During my two week vacation to Australia and New Zealand I was hiking, snorkeling, paddle-boarding, boating, sailing, reading, and moving through the days without much thought for anything else.
Apart from that, I’ve been at the desk, working through the next stretch of Elspeth’s story, and returning to the ordinary things in between.
There’s a restlessness that comes with waiting in the stillness — and if you listen hard enough, you can hear the answers in the unspoken.
On Progress, Patience, and the Long View
Years ago, this kind of season made me uneasy. I wanted visible progress. Proof that something was happening. I believed that progress had to announce itself in order to count.
I let go of that way of thinking when I was training for competitions.
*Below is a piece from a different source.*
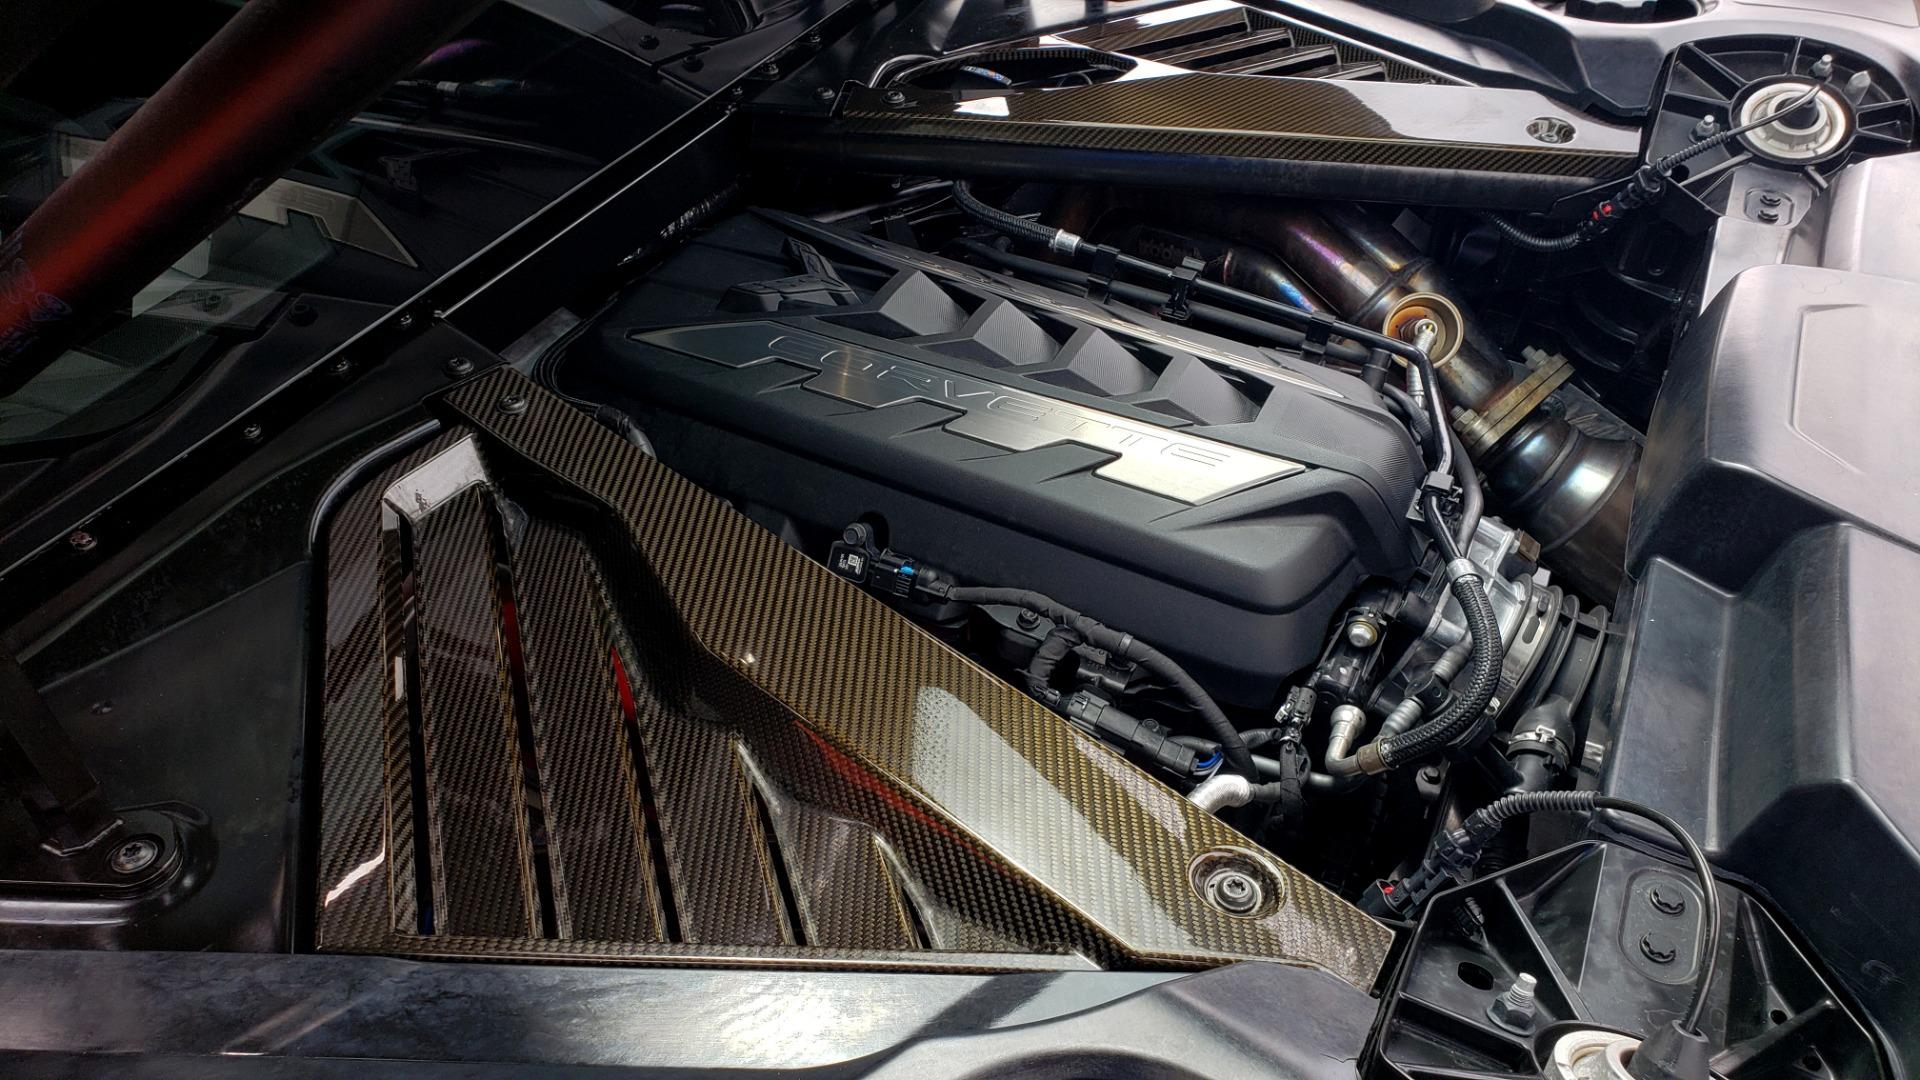 Used 2020 Chevrolet CORVETTE C8 STINGRAY 2LT / 6.2L V8 / 8-SPD AUTO / NAV / BOSE / REARVIEW / DATA RECOR for sale Sold at Formula Imports in Charlotte NC 28227 24

Showing up in my everyday life, day after day after day after day.
Eating the same foods.
Doing the same workouts.
Trusting that when I reached the end, the finished result would appear only because I had stayed with it.
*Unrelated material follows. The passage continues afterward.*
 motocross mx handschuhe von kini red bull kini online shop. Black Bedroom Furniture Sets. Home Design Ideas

Parenting taught me the same thing, only with more moving parts.
You do the work,
Try to stay present,
And then you adjust–
Accepting that you don’t get to control most of it — especially when you’re raising another human being with their own thoughts and feelings.
Returning to the Page–Living the In-between
That’s where I am now.
I come back to the pages and I think about what comes next for Elspeth.
Some days I settle into it easily.
Others I resist it.
Both are valid.
I don’t try to explain away this part of the process anymore.
It is what it is.
The work moves when it’s ready to move.
I show up and meet it where it is.
That’s the season I’m in–living in the in-between.
When Nothing is Resolved
I’m practicing something I’ve had to practice before: staying present without bracing. Letting the days pass without demanding they justify themselves. Accepting that this, too, is part of the work — even if it looks nothing like the part that can be measured.
I’m working hard not to dress that up anymore.
Because I see how many of us have forgotten how to sit inside a moment that doesn’t offer immediate resolution. We reach for noise. For motion. For anything that keeps us from feeling the unease of an unanswered season: Scrolling. Numbing. Planning. Explaining. Fixing.
And sometimes the deeper work is none of that.
Oftentimes the work is learning how to stay.
If you’re here too — in a season that’s asking more patience of you than you expected — you’re not alone.
Some paths don’t ask for action right away.
Instead, they ask for vulnerability–relinquishing the need to control every outcome.
Then they ask you to stop managing the moment and begin inhabiting it.
And if that’s where you are, I hope you give yourself permission to stay there long enough for something real to take root.